(RECORDS FOR THE EXERCISE Opens)
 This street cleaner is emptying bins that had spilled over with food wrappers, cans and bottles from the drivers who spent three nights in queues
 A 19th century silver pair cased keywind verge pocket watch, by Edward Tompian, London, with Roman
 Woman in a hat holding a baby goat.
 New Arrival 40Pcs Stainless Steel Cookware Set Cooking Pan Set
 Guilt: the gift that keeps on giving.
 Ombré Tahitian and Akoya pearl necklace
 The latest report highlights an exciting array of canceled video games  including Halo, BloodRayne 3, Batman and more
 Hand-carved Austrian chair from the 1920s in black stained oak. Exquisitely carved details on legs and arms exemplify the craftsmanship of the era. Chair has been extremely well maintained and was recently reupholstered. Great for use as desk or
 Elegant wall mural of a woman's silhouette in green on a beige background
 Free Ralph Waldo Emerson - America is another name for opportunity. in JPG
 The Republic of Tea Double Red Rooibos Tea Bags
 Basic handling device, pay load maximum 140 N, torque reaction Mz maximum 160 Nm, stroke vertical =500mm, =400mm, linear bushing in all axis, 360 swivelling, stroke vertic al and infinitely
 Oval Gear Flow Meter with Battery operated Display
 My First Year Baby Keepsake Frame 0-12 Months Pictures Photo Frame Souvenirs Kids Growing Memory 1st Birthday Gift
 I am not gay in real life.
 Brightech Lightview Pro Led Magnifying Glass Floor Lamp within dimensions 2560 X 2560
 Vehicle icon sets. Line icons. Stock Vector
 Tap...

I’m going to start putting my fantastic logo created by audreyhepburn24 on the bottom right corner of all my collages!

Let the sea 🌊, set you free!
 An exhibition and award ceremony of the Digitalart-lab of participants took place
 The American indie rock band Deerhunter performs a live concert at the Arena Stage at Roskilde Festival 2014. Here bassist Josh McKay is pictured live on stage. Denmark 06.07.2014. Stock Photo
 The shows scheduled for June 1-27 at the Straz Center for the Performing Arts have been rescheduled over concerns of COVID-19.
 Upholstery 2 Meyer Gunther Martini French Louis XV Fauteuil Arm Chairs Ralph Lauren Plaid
(RECORDS FOR THE EXERCISE Closes)
From the data, collect all lines where the string "Ralph" appears.

 Free Ralph Waldo Emerson - America is another name for opportunity. in JPG
 Upholstery 2 Meyer Gunther Martini French Louis XV Fauteuil Arm Chairs Ralph Lauren Plaid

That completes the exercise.